By Amanda Durish Cook
If passed, the Illinois Electric Generation Reliability Act would move the Commonwealth Edison and Ameren service areas in Central and Southern Illinois from MISO Zone 4 into the PJM power market. ComEd, an Exelon subsidiary, also serves load in the Chicago area, which is part of PJM.
Dynegy claims the bill would “provide economic benefits to consumers and help Illinois preserve vital, high-paying power generation jobs.” The company said cost-effective plants in MISO-controlled Southern Illinois “sit idle, or shut down, as they don’t receive any compensation to cover operating costs from MISO.”
Dynegy CEO Robert Flexon said a comparison of PJM’s recent Base Residual Auction outcomes alongside MISO’s Planning Resource Auction results in April illustrates the need to combine all of Illinois with PJM, even as two of Exelon’s nuclear generators in PJM failed to clear. (See PJM Capacity Prices Fall Sharply.)
“Illinois legislators have a great opportunity to take control of an issue that is debilitating communities across the state while at the same time bring lower power prices to consumers through a more efficient market design that can exist throughout the state,” Flexon said.
Illinois is the only state in MISO’s territory that fully offers retail choice. (Michigan currently allows 10% of its load to choose their suppliers.) The bifurcated nature of the state has caused controversy.

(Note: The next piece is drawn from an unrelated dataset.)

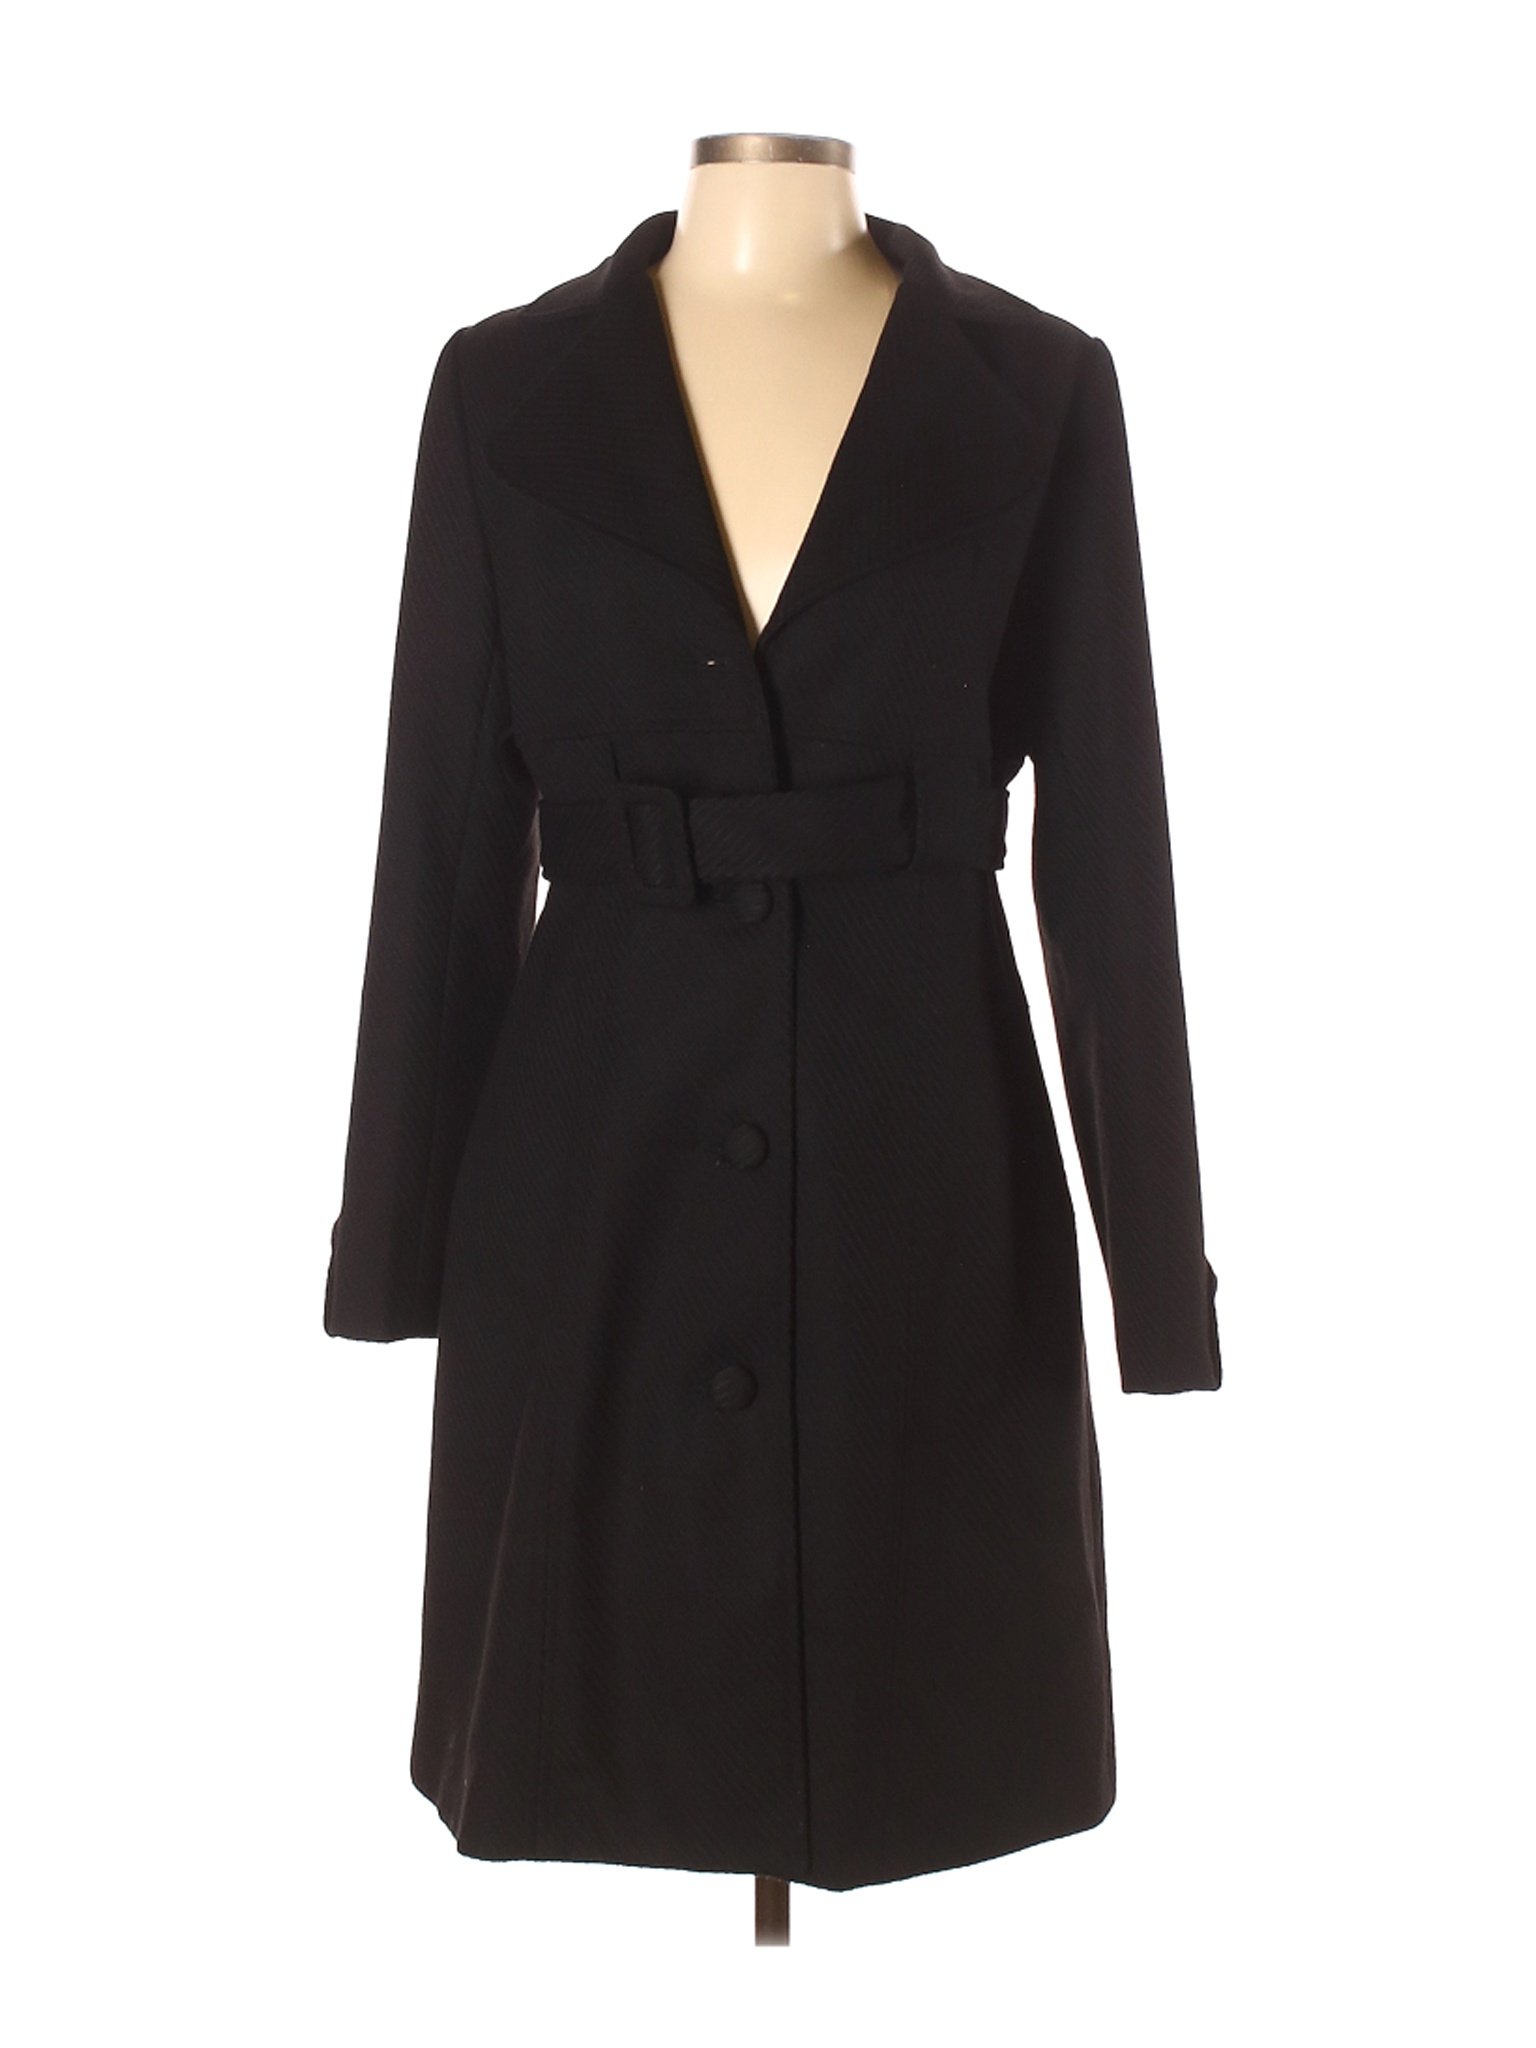 Unbranded Women Black Coat L | eBay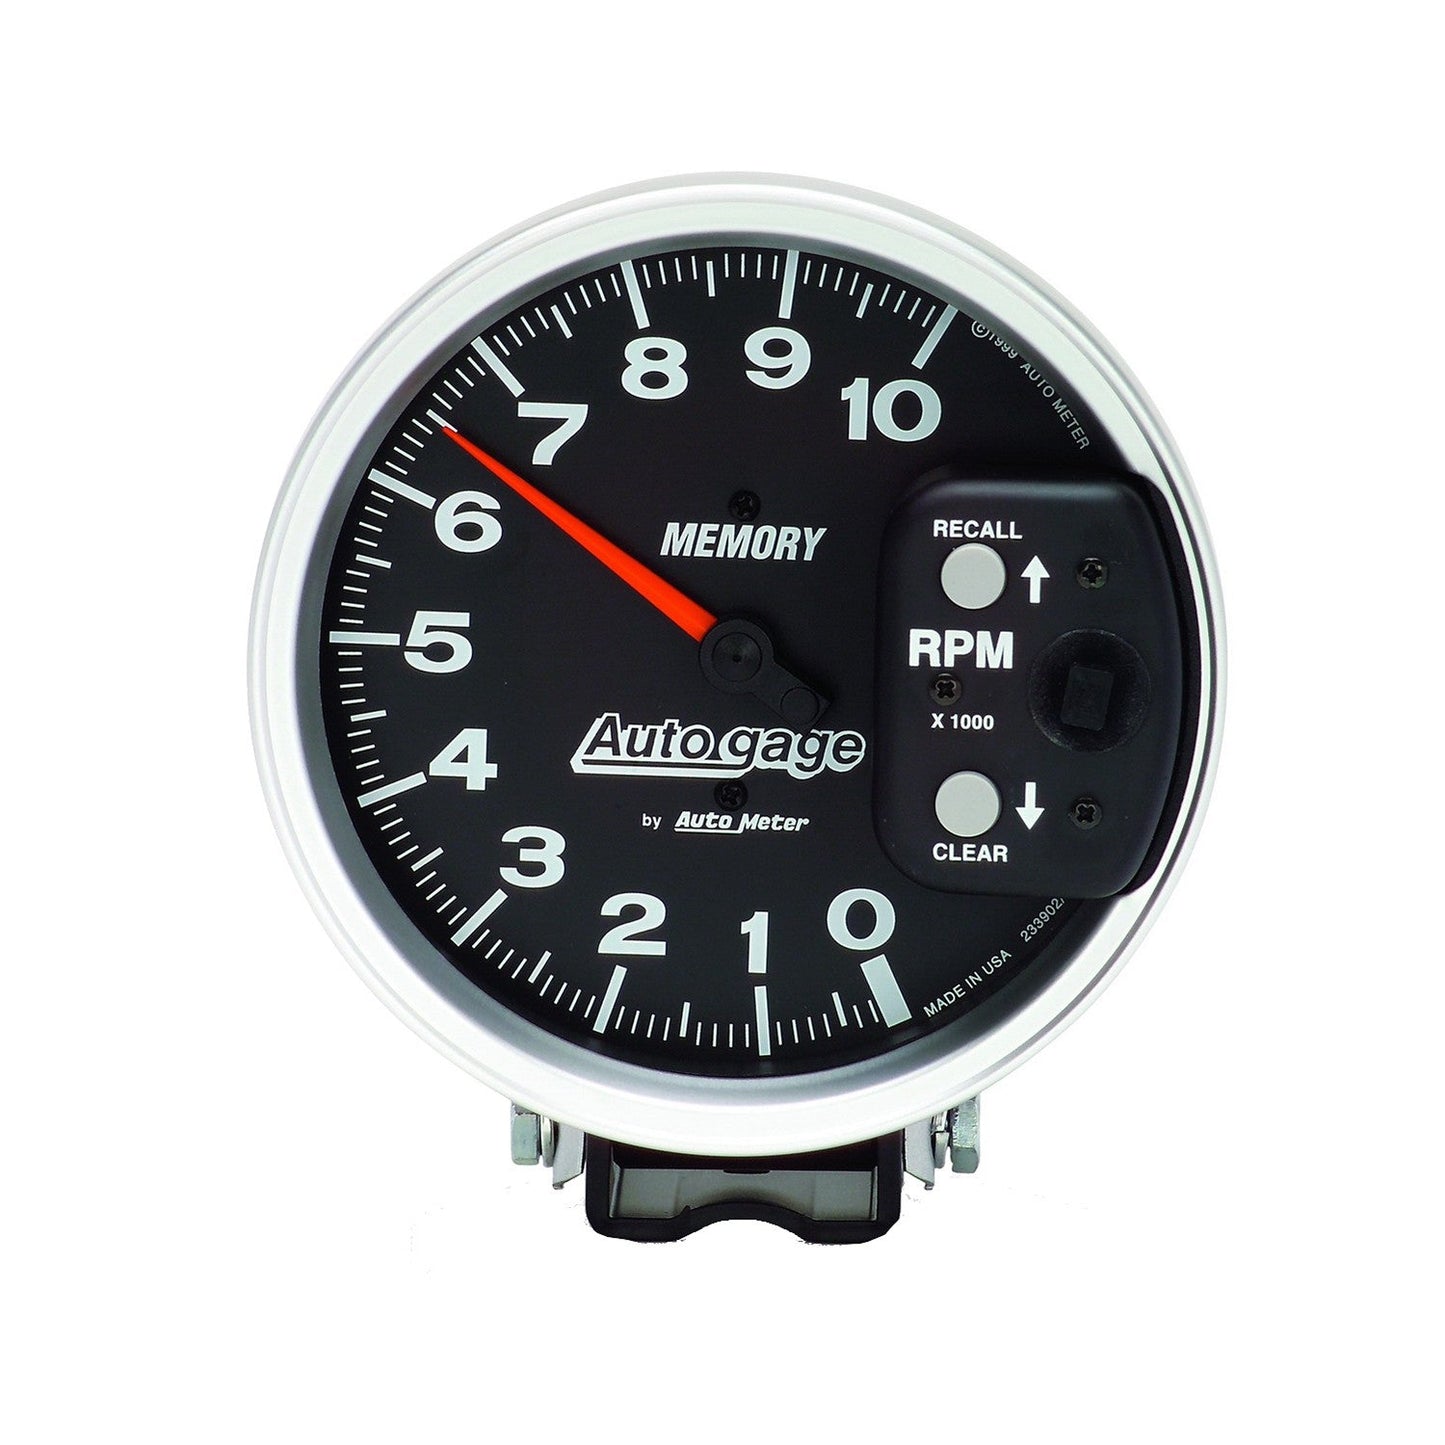 AutoMeter - 5" PEDESTAL TACHOMETER, 0-10,000 RPM, MEMORY, BLACK, AUTO GAGE (233902)

Zone 4’s high prices in last year’s capacity auction led to accusations by Illinois officials and stakeholders of market manipulation against Dynegy, which serves most of the load in the zone. Dynegy’s proposed legislation comes three months after the company responded to MISO’s request for auction reform suggestions by proposing a separate, PJM-style three-year forward auction for Zone 4. MISO is currently in the thick of contentious debate over this proposal. (See MISO Board Orders Negotiation in Longtime Auction Disagreement.)
According to Dynegy, Illinois legislators and labor leaders, including Senate Majority Leader James Clayborne and two Illinois branches of the International Brotherhood of Electrical Workers (IBEW), support the transition.
Clayborne pointed to MISO’s unpredictable results in the last two annual capacity auctions and said the legislation would remedy the “huge gap” in how generators in different regions of the state are compensated.
The disparity, he said, “is leading to the shutdown of generation in Southern Illinois, which is threatening electric reliability, jobs, taxes and related economic development. This legislation is designed to address this gap, level the playing field and ensure electric generation reliability, jobs and the economy are protected.”
Clayborne said that bringing downstate Illinois into the deregulated fold will bring congruity to the state.
Spokesmen from IBEW 702 and IBEW 51 said the bill would protect customers from high scarcity pricing, uphold statewide electric reliability and preserve jobs by stopping premature plant closures.
Exelon, Illinois’ other power-producing giant, also is seeking relief from state lawmakers. The utility is seeking low-carbon-emissions subsidies for nuclear generators in order to keep its cash-strapped Quad Cities plant operational through 2032, when the plant’s license expires.
The General Assembly’s legislative session ends May 31.